White House aides Monday defended President Donald Trump’s unsubstantiated claim that former President Barack Obama ordered a wiretap on telephones Trump used at his Trump Tower headquarters in New York.

Spokeswoman Sarah Huckabee Sanders said the president was unwilling to accept an assertion by James Comey, the director of the country’s top law enforcement agency, the Federal Bureau of Investigation, that Obama did not order an illegal wiretap on Trump.

James Clapper, Obama’s national director of intelligence, has also disputed the new president’s contention.

In interviews on news talk shows, Sanders and Trump aide Kellyanne Conway both said the new president firmly believes his claim posted Saturday on Twitter, saying, “Terrible! Just found out that Obama had my ‘wires tapped’ in Trump Tower just before the victory.”

Trump has offered no evidence to support the claim, but Sanders, Conway and, later, White House spokesman Sean Spicer said congressional committees need to probe the possibility. Intelligence committees in both the Senate and House of Representatives are already investigating the U.S. intelligence community’s conclusion that Russia meddled in the presidential election in an effort to help Trump win.

“The president has made it clear he wants Congress to look into this,” Spicer said of Trump’s wiretap claim.

Conway told Fox News that “credible news sources” suggested there might have been politically motivated activity during the campaign that has yet to be divulged.

“He is the president of the United States,” Conway said of Trump. “He has information that the rest of us do not.”

Trump’s wiretapping claim has been widely dismissed by opposition Democrats and some Republicans.

Congressman Jason Chaffetz, the Republican chairman of the House government oversight panel, told CBS News, “Thus far I have not seen anything directly that would support what the president has said.”

Comey, the FBI director, asked the Justice Department to dispute Trump’s allegation that Obama ordered the wiretap, although it was not clear why he did not directly dispute the statement himself. Comey and his department have led the ongoing investigation of Russian influence on last year’s election.

Forbidden by law

Under U.S. law, a president cannot order someone’s phone to be wiretapped.
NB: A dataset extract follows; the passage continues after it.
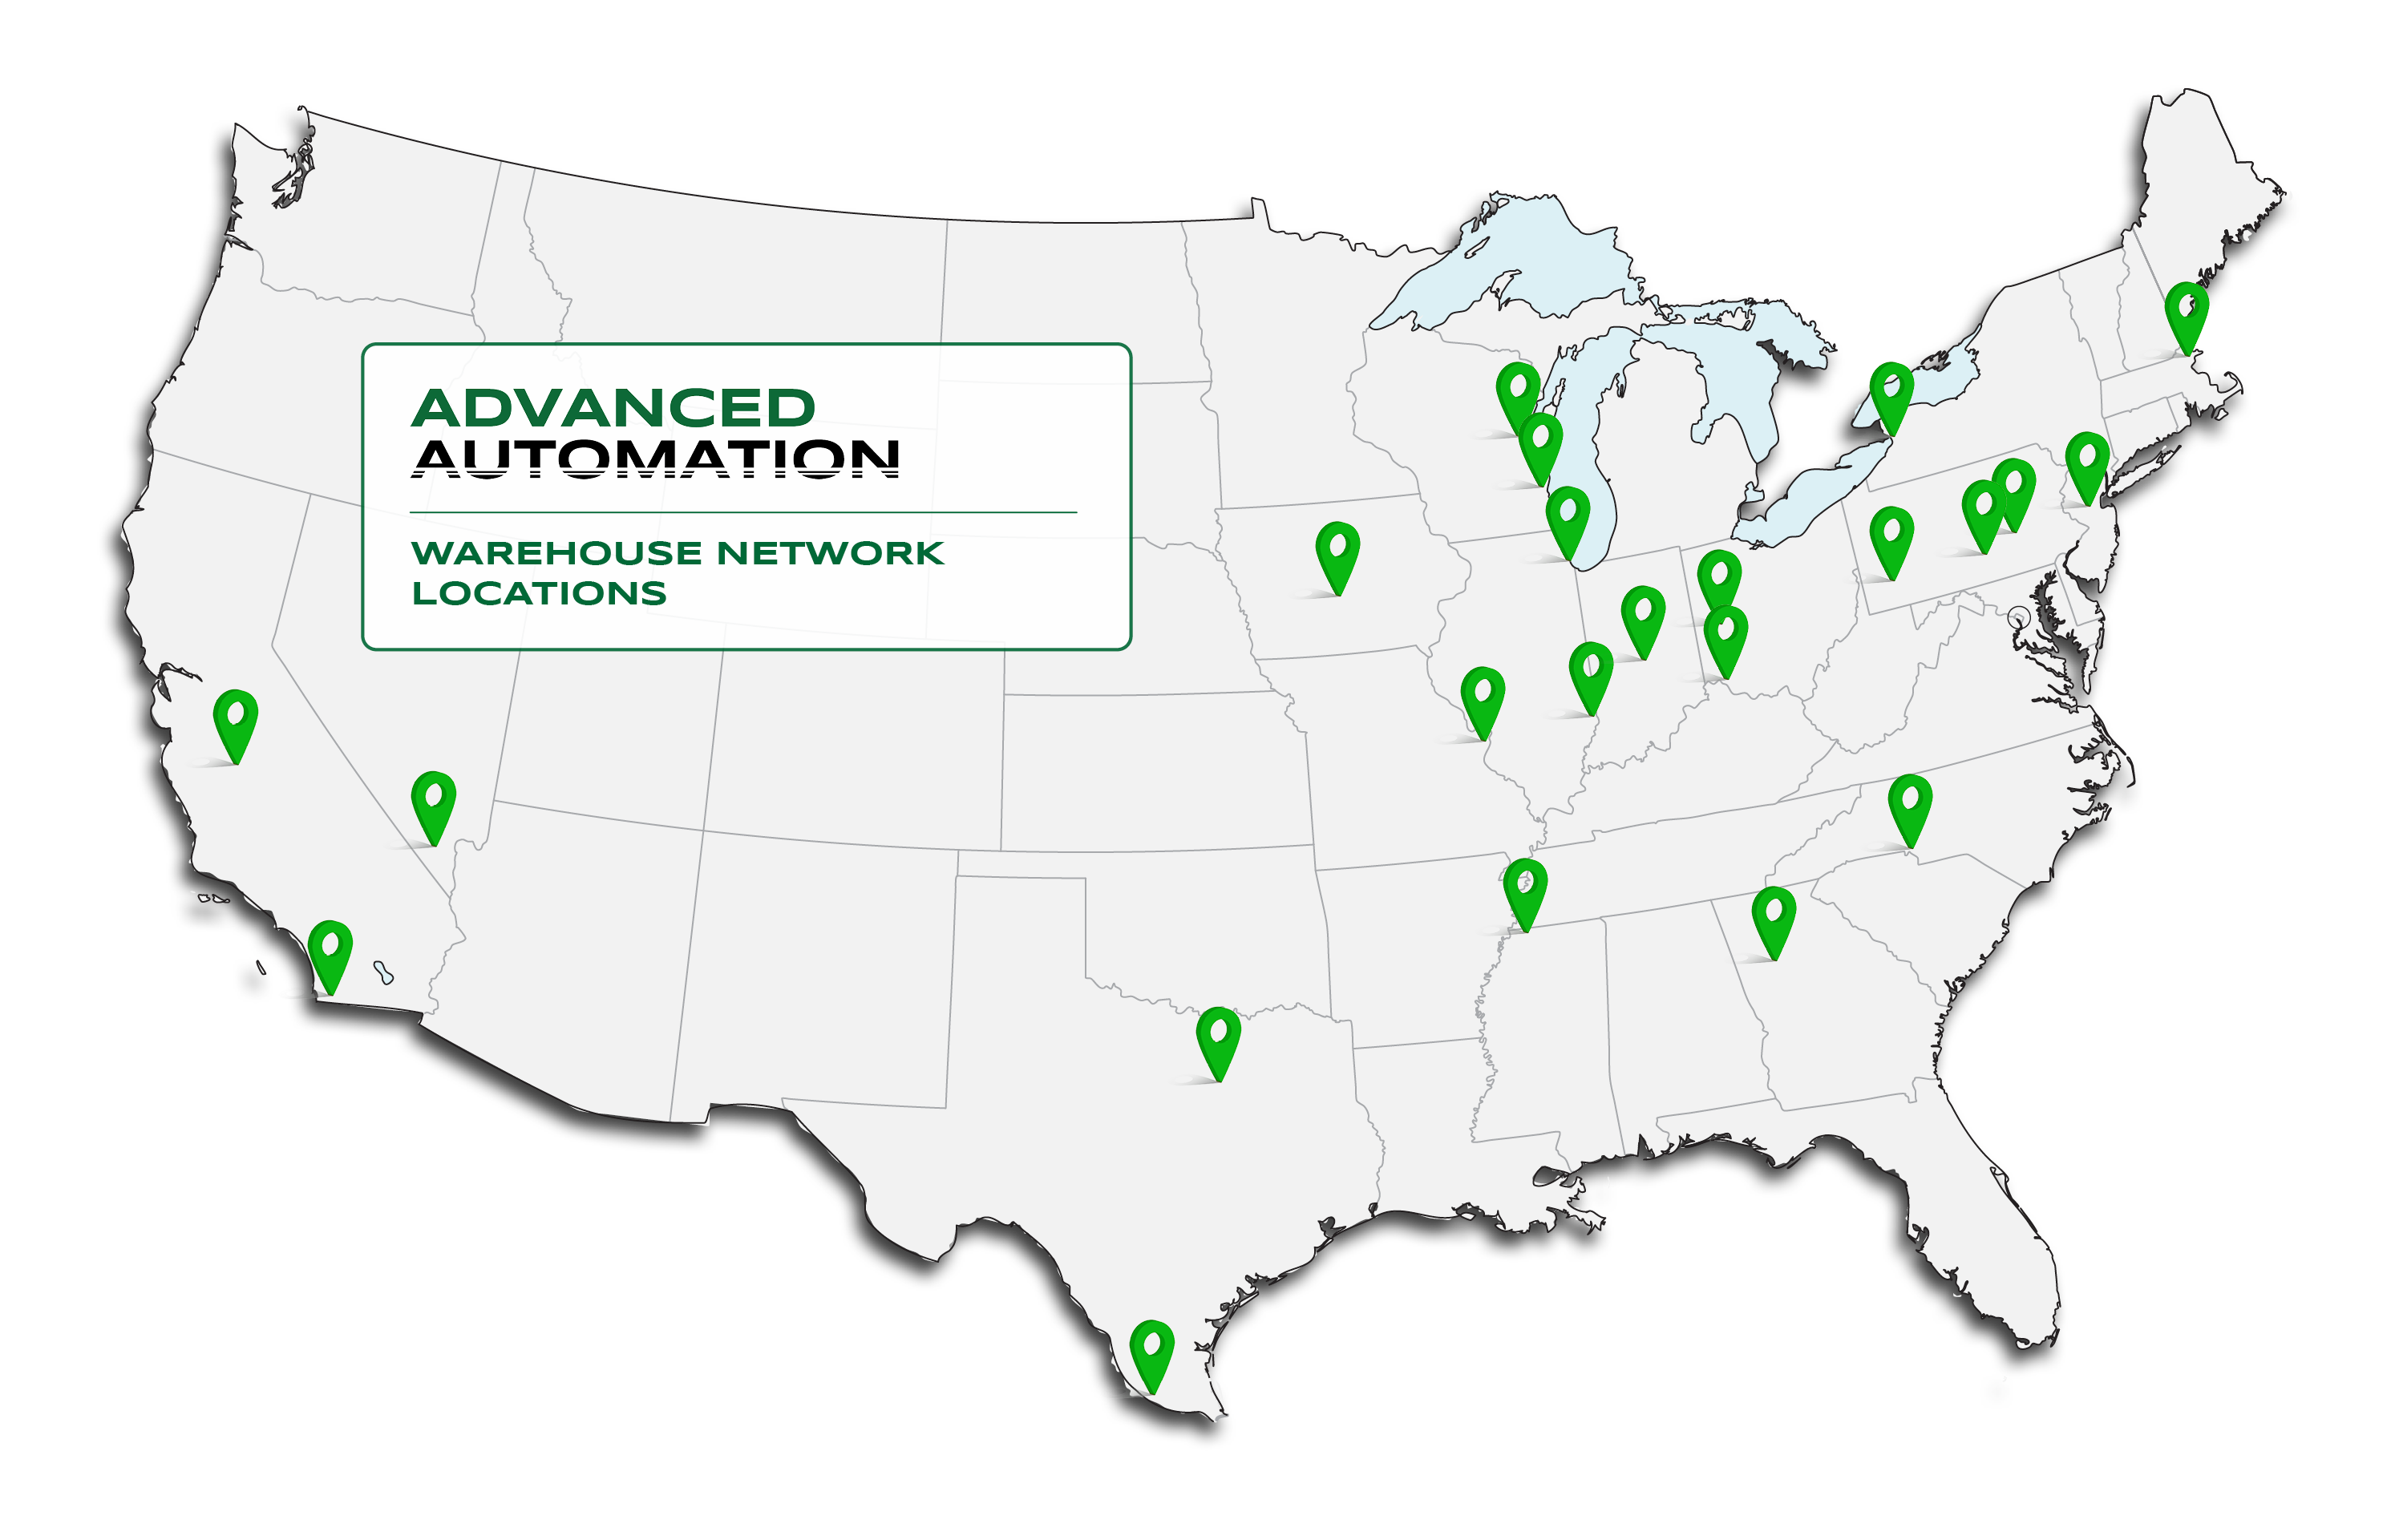 Map showing warehouse locations for Advanced Automation
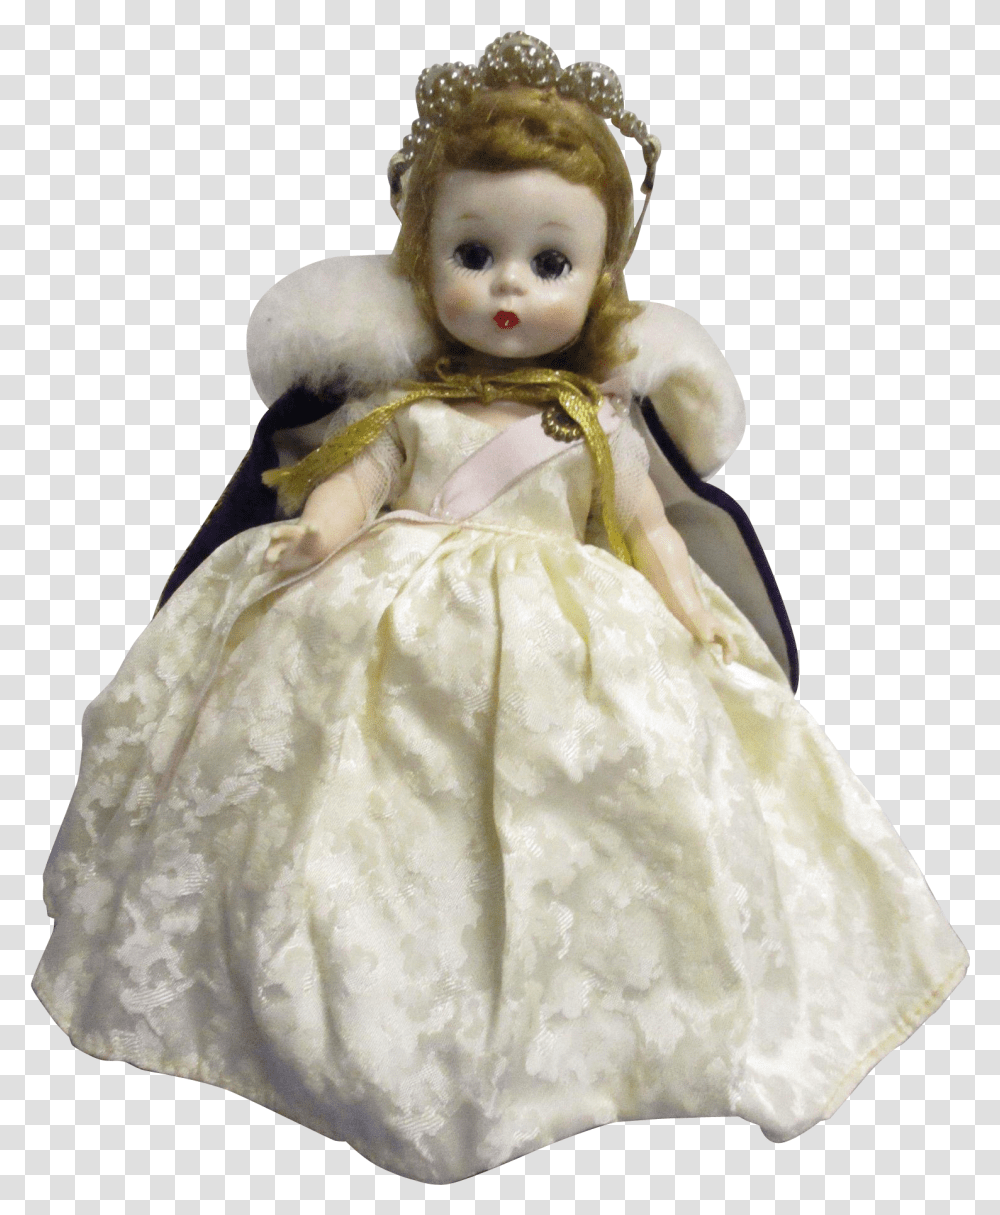 Doll, Toy, Figurine, Wedding Gown, Robe Transparent Png

Such a move would require approval by a federal judge and be based on reasonable grounds to suspect why a citizen’s telephone calls should be monitored.

Clapper, Obama’s intelligence chief, said Trump’s claim was simply wrong.

“There was no such wiretap activity mounted against the president-elect at the time, or as a candidate or against his campaign,” Clapper told NBC’s Meet the Press on Sunday.

WATCH: Clapper denies wiretap allegation

House Intelligence Committee Chairman Devin Nunes said in a statement Sunday his committee “will make inquiries into whether the government was conducting surveillance activities on any political party’s campaign officials or surrogates.”

The top Democrat on the committee, Rep. Adam Schiff, said Trump’s accusation was based on “conspiracy-based news.”

“For a president of the United States to make such an incendiary charge — and one that discredits our democracy in the eyes of the world — is as destructive as it was baseless,” Schiff said.

Trump requests Congressional investigation

Spicer issued a statement Sunday saying the president is requesting the committees to “determine whether executive branch investigative powers were abused in 2016.” He added that neither Trump nor the White House would offer further comment “until such oversight is conducted.”

House Democratic Leader Nancy Pelosi said Trump has no proof and is trying to shift conversation from Russia to Obama.

“This is called the wrap-up smear,” she told CNN. “You make up something, then you have the press write about it and then you say everybody’s writing about this charge. It’s a tool of an authoritarian to just have you always be talking about what you want them to be talking about.”

Senator Marco Rubio told NBC that Trump “will have to answer as to what exactly” he was referring to in making the claim that his phones were tapped.

The publisher of the Newsmax Media website, Christopher Ruddy — a friend of Trump’s — wrote Sunday the president told him, “This will be investigated. It will all come out. I will be proven right.”

Ruddy said he has not seen Trump this angry in a long time.

 

 

Russian meddling

A U.S. intelligence report concluded Russia carried out a campaign at the direction of President Vladimir Putin that used cyberattacks and other methods to influence the U.S. election campaign, to help Trump defeat his Democratic challenger Hillary Clinton, a former U.S. secretary of state.

Trump has denied any links to Russia, but numerous of his aides have met with Moscow’s ambassador to Washington, Sergey Kislyak.

Trump ousted his first national security adviser, Michael Flynn, after just 24 days on the job after he lied to Vice President Mike Pence and other top officials about the nature of his own conversations with Kislyak.

Last week, Attorney General Jeff Sessions said he was removing himself from any investigation into the Russian activities after reports emerged that he met twice last year with the ambassador, although he had said at his January confirmation hearing that he “did not have communications with the Russians.”